Alternative would be to make the "go faster" side be a lease kind of thing
that you can later cancel.

So you can program any P state; but the hardware is free do as it pleases but
not slower than the lowest P state. So clearly the hardware is 'smart'.

any device on the market has some level of smarts there, just by virtue of dual core
and on board graphics. Even the ARM world has various smarts there (and will get more
no doubt over time)

Going by your interface there's also not much influence as to where the 'power'
goes; can we for example force the GPU to clock lower in order to 'free' up
power for cores?

I would love that to be the case. And the GPU driver certainly has some knobs/influence
there. That being separate from CPU PM is one of the huge holes we have today
(much more so than the whole scheduler-vs-power thing)

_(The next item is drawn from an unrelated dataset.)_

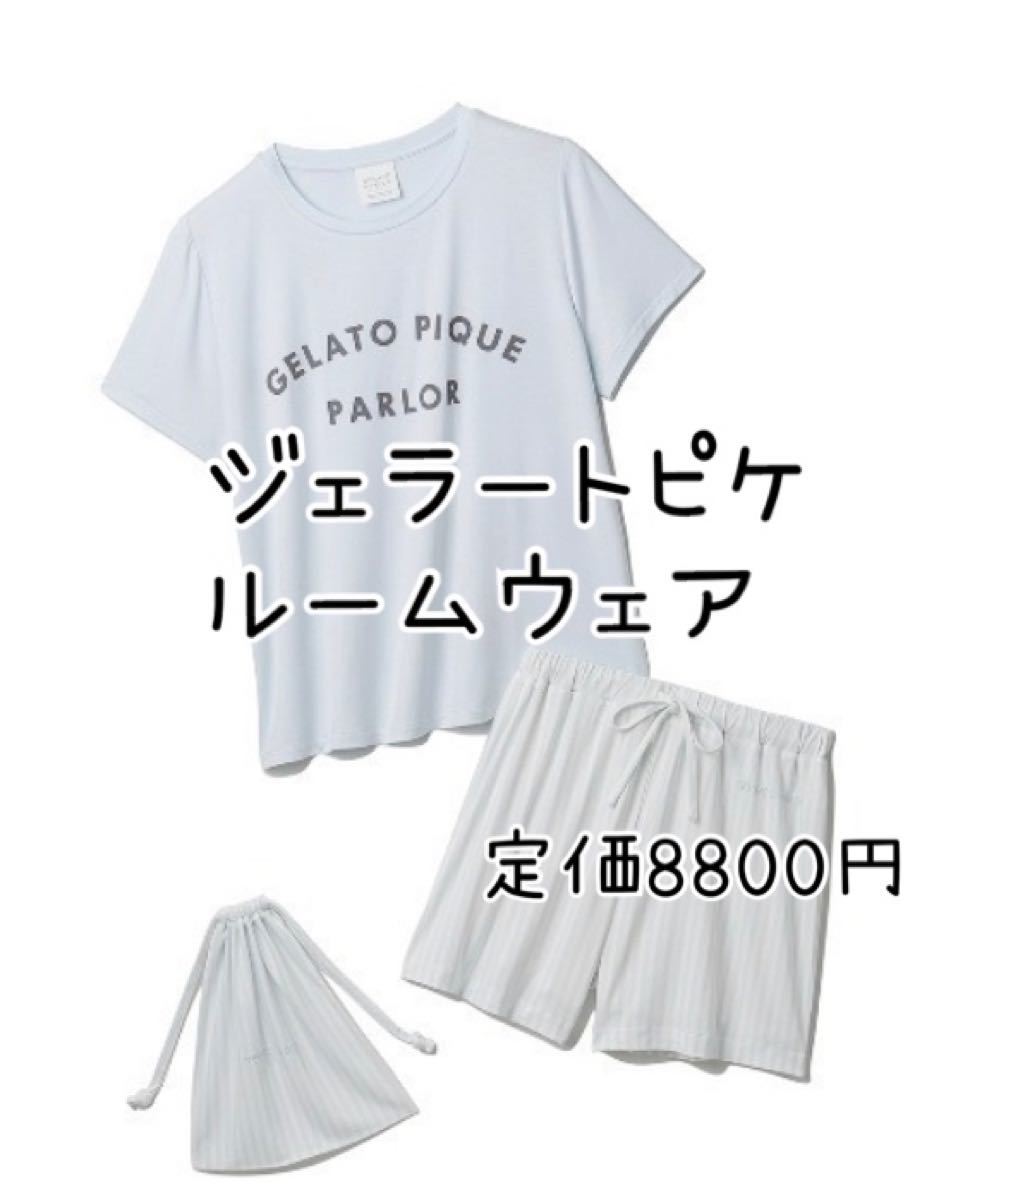 新品HOT gelato pique - ジェラートピケ Tシャツ&ショートパンツ&巾着3

If we can, we should very much include that in the entire discussion.

absolute. Note that it's not an easy topic, as in... very much unsolved
anywhere and everywhere, and not for lack of trying.

What I would like to see is

1) Move the idle predictor logic into the scheduler, or at least a library
(I'm not sure the scheduler can do better than the current code, but it might,
and what menu does today is at least worth putting in some generic library)

Right, so the idea is that these days we have much better task runtime
behaviour tracking than we used to have and this might help. I also realize the
idle guestimator uses more than just task activity, interrupt activity is also
very important.

when I wrote that part of the menu governor, it was ALL about interrupts.
the task side is well known, at least in the short term, since we know
that that will come via a timer.
(I'm counting IPI's as interrupts here)

Now, the other half of this is the "how performance sensitive are we", and I sure
hope the scheduler has a better idea than the menu governor....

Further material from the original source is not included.